# Most desirable color for a schwinn b6



## PINOYRODDER (Aug 23, 2009)

Hi guys, i like to get some of your opinions on what is the most desirable color for a Schwinn B6 Cantilever, i will use this as reference in restoring my bike.Thanks to all of your respond!


----------



## eazywind (Aug 23, 2009)

*I like all the 2 tones*

I like the two tones, Brown on tan, blue on light blue and green on light green. 





PINOYRODDER said:


> Hi guys, i like to get some of your opinions on what is the most desirable color for a Schwinn B6 Cantilever, i will use this as reference in restoring my bike.Thanks to all of your respond!


----------



## OldRider (Aug 23, 2009)

Did the Schwinn B6 have a white on red color scheme? That to me is the ultimate color


----------



## cyclingday (Aug 23, 2009)

The two tone red with the black pin stripes is also very nice. There was also a coach green with tan accents that you don't see very often that looks cool. 
 There is a color chart floating around that is really helpful to see, because there were a lot of interesting combinations. Some that you just wouldn't expect, that are really beautiful.


----------



## Andrew Gorman (Aug 23, 2009)

I'll vote for the brown over tan- just a very 1930's combination that has seldom been seen since.


----------



## 18622hunter (Aug 23, 2009)

I am currently restoring one that will be blue and ivory.  I also dig the two blue, brown and green.  I have never a two tone red.


----------



## ColsonTwinbar (Aug 23, 2009)

In one of the Schwinn books there's a chart with all the color combos, and most of them i have never seen, I saw one DX that was red on black, but they also came in French grey on red or blue and light/dark blue or green combos


----------



## PINOYRODDER (Aug 24, 2009)

Is there a website that provides this color combo? or some paint brands that have some identical colors as Schwinn?

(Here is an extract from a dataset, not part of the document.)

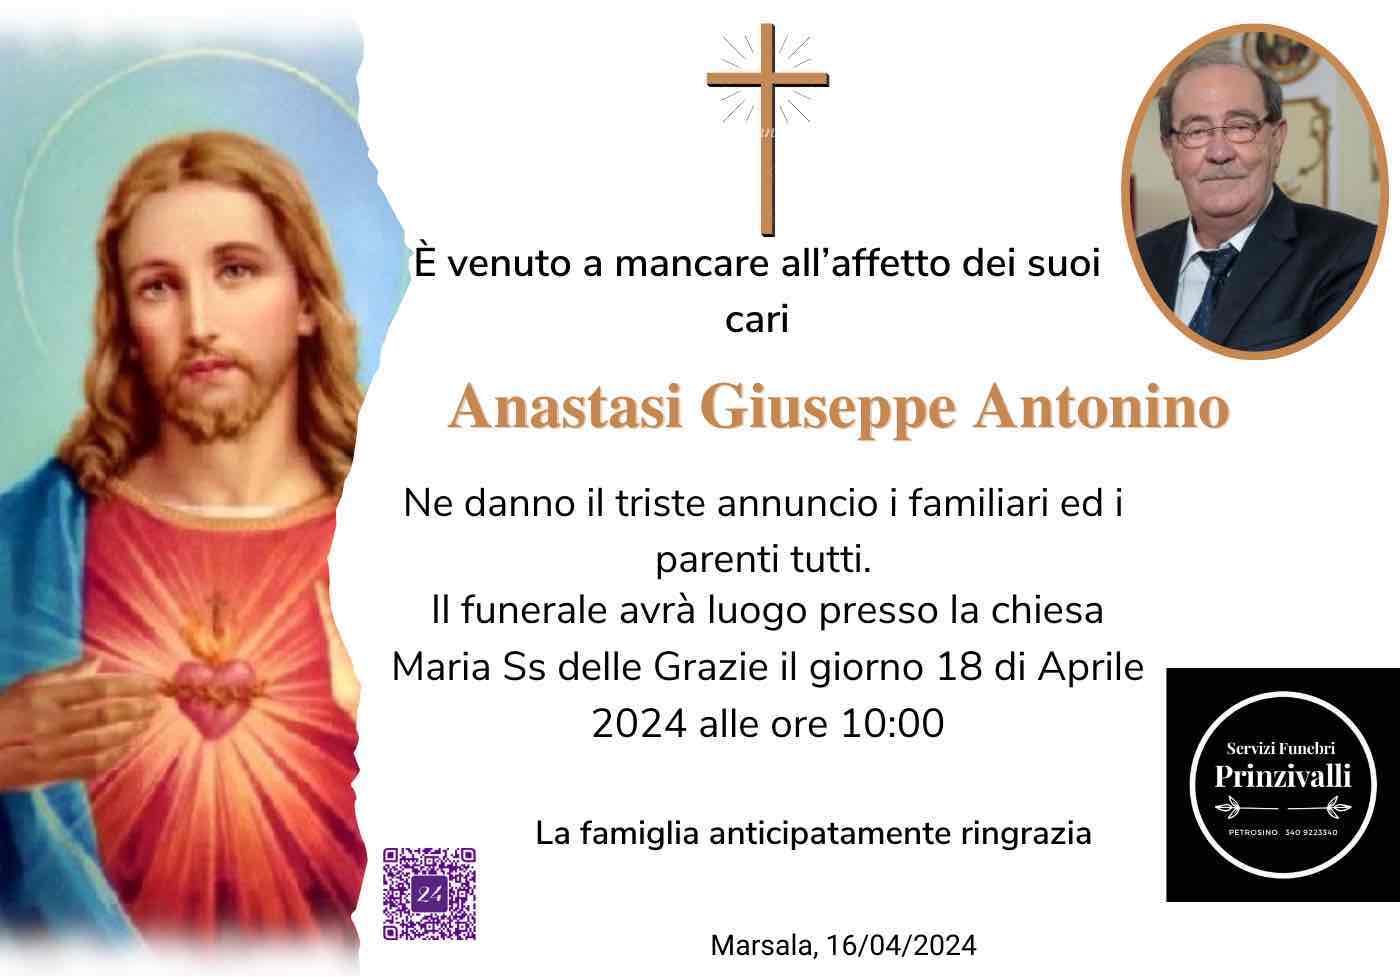 Giuseppe Antonino Anastasi

I think ill prepare the Brown/Tan combo looks to me a very rare combo and very nostalgic appeal


----------



## Ronn's Vintage Bikes (Aug 24, 2009)

*B6 Color Combo*

Saw the brown and tan on feebay about a month ago. very intresting and different looking.


----------



## GenuineRides (Aug 24, 2009)

*B6 Colors*

I have a B6 frame and chainguard in Coblat Blue and Aqua Green with red highlight pinstripes which is very unique and bold.  It makes a statement for the late 40's and early 50's era.


----------



## mruiz (Aug 26, 2009)

Brown and Tan is the good looking one out of the two, the blue is Ok also.


----------



## cyclingday (Aug 26, 2009)

*The most beautiful bike in the world!*

One thing to remember, is that they offered a reverse two tone where the field colors are reversed on the fenders from the way that the frame and fork are painted.  I have seen the two tone brown and tan done both ways with the frame being dark with light accents and the fenders reversed. Or the frame was tan with dark accents and the fenders were reversed. I would imagine that they did all of their two tones this way, so play around and see what you like. The B6 was the ultimate in paint combos, because of all of the painted surface area.


----------



## REC (Aug 26, 2009)

*My $.02 ringin' in*

I seem to notice that the dark blue/cream color with red pinstripes jumps out at me (and I have a '46 frame done in those colors that may end up the same when re-done).

I am also liking the dark red/cream with blue pins... I guess it's the same thing in a different way?

Does it matter though? Aren't they all beautiful when they're done? 

I can't say I've seen an UGLY one... Just some that maybe would look better in someone esle's garage! :eek:

REC


----------